Given information ▸
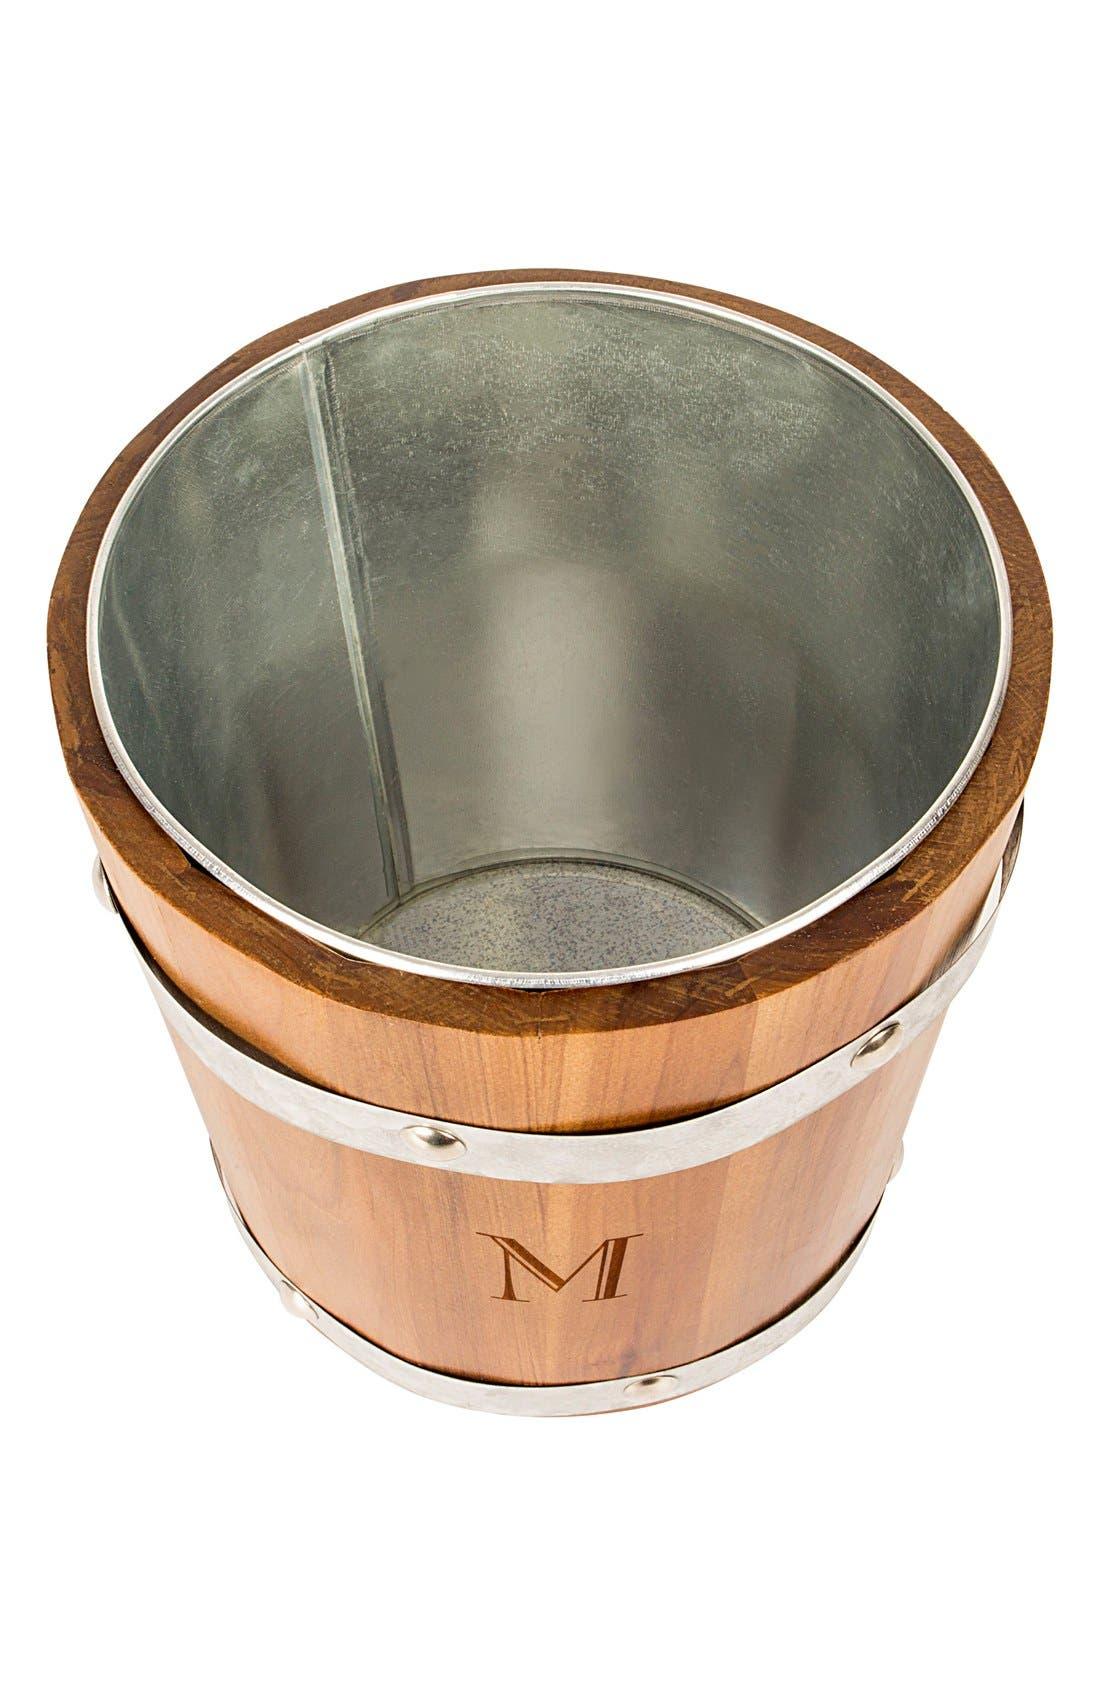 Rustic Monogram Ice Bucket,                             Alternate thumbnail 2, color,                             200
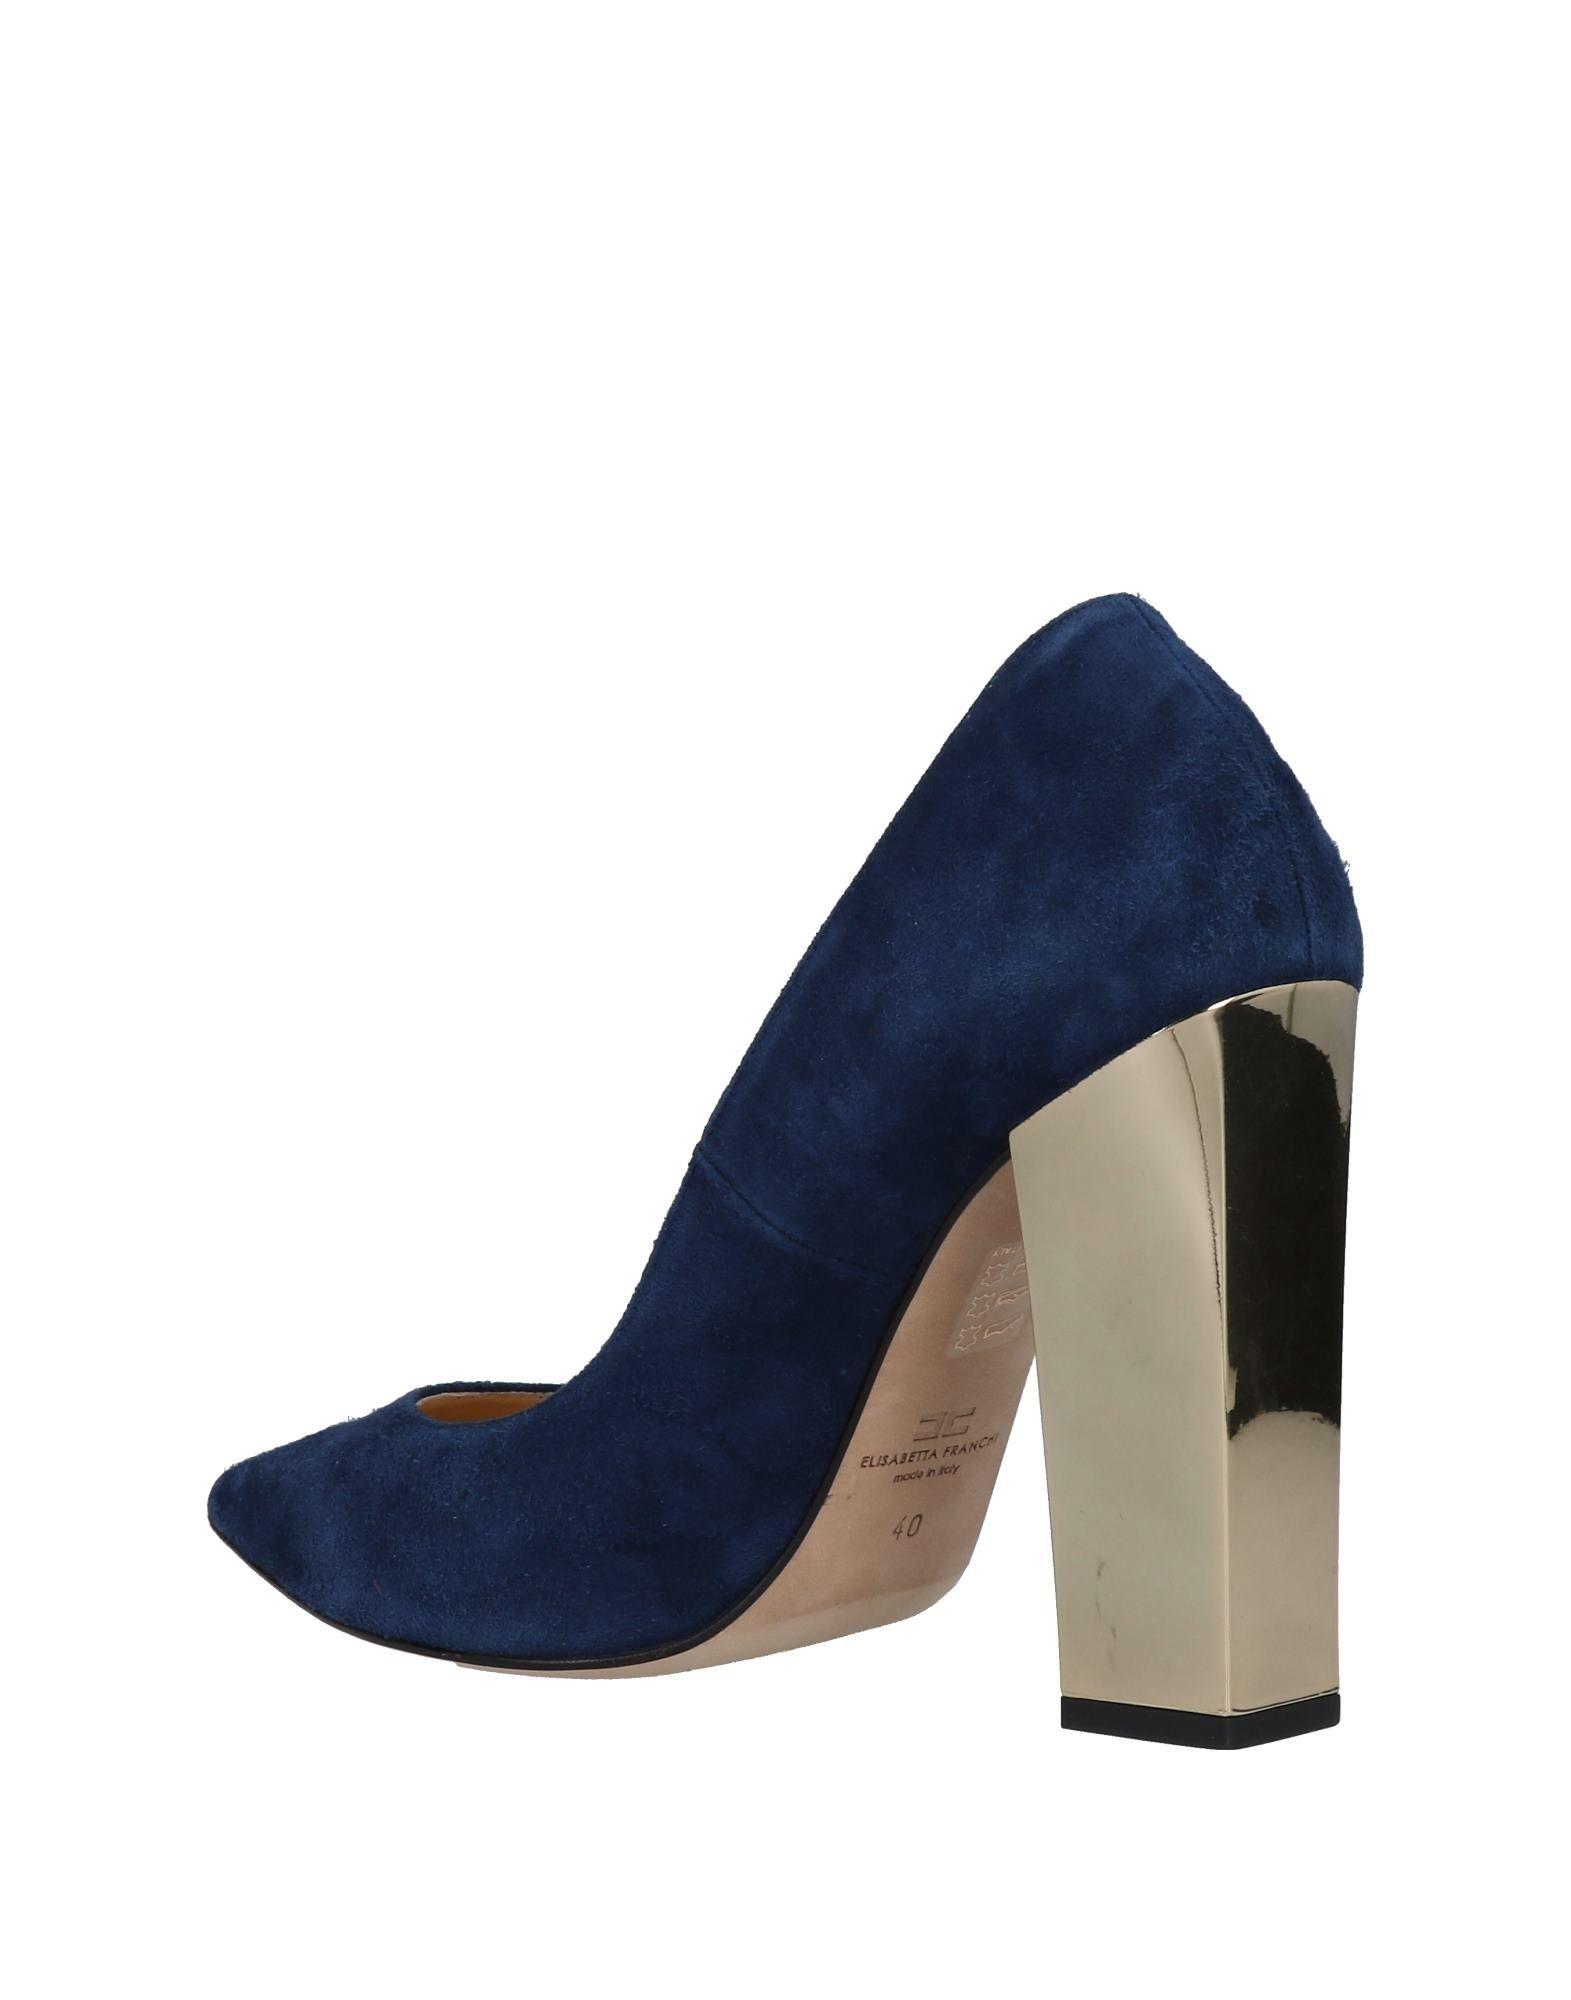 Stilvolle billige Damen Schuhe Elisabetta Franchi Pumps Damen billige 11277297MX aac016
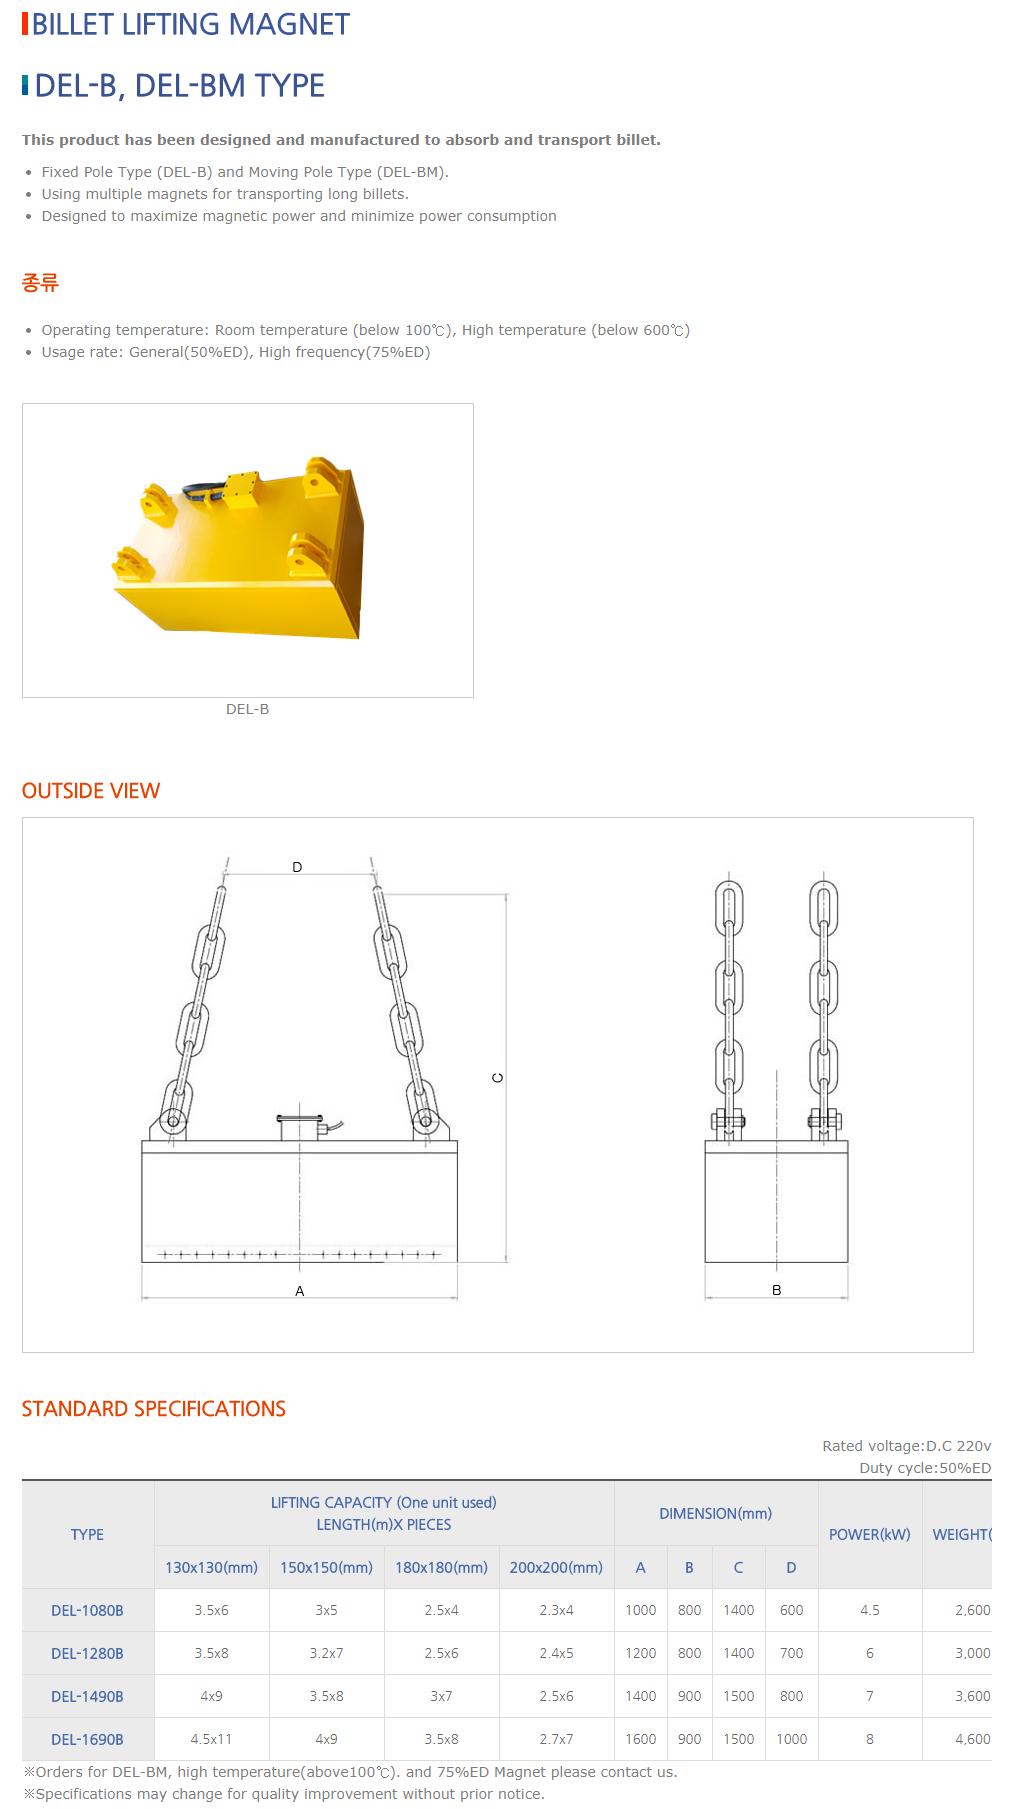 DAESUNG MARGNET Billet Lifting Magnet DEL-B/DEL-BM Type
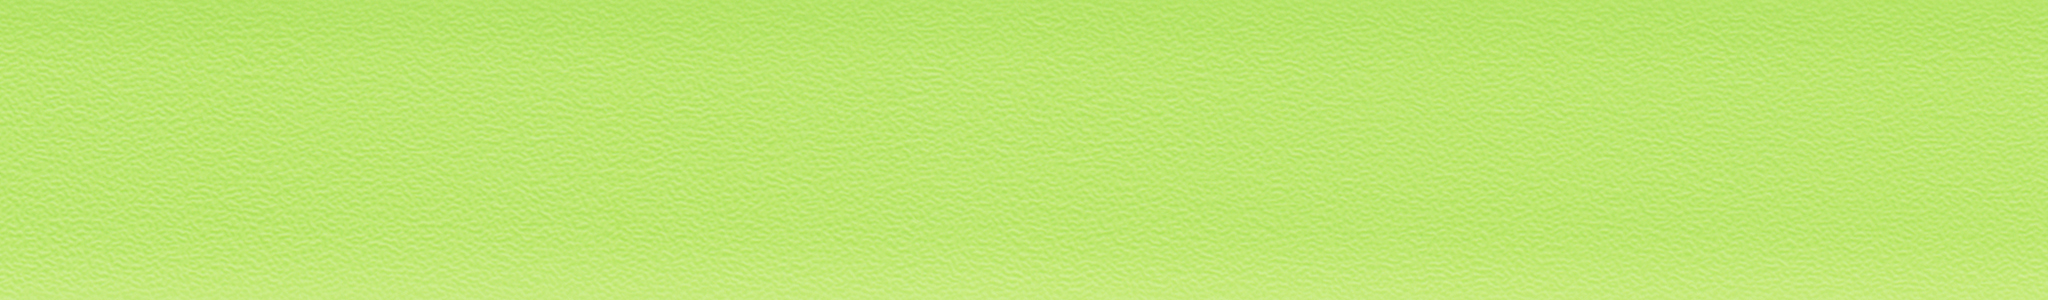 HU 161877 ABS hrana zelená perla 101

Task ▸ The lines above should be transcribed exactly, with every image removed.

Response ▸
 Rustic Monogram Ice Bucket,                             Alternate thumbnail 2, color,                             200
 Stilvolle billige Damen Schuhe Elisabetta Franchi Pumps Damen billige 11277297MX aac016
 DAESUNG MARGNET Billet Lifting Magnet DEL-B/DEL-BM Type
 HU 161877 ABS hrana zelená perla 101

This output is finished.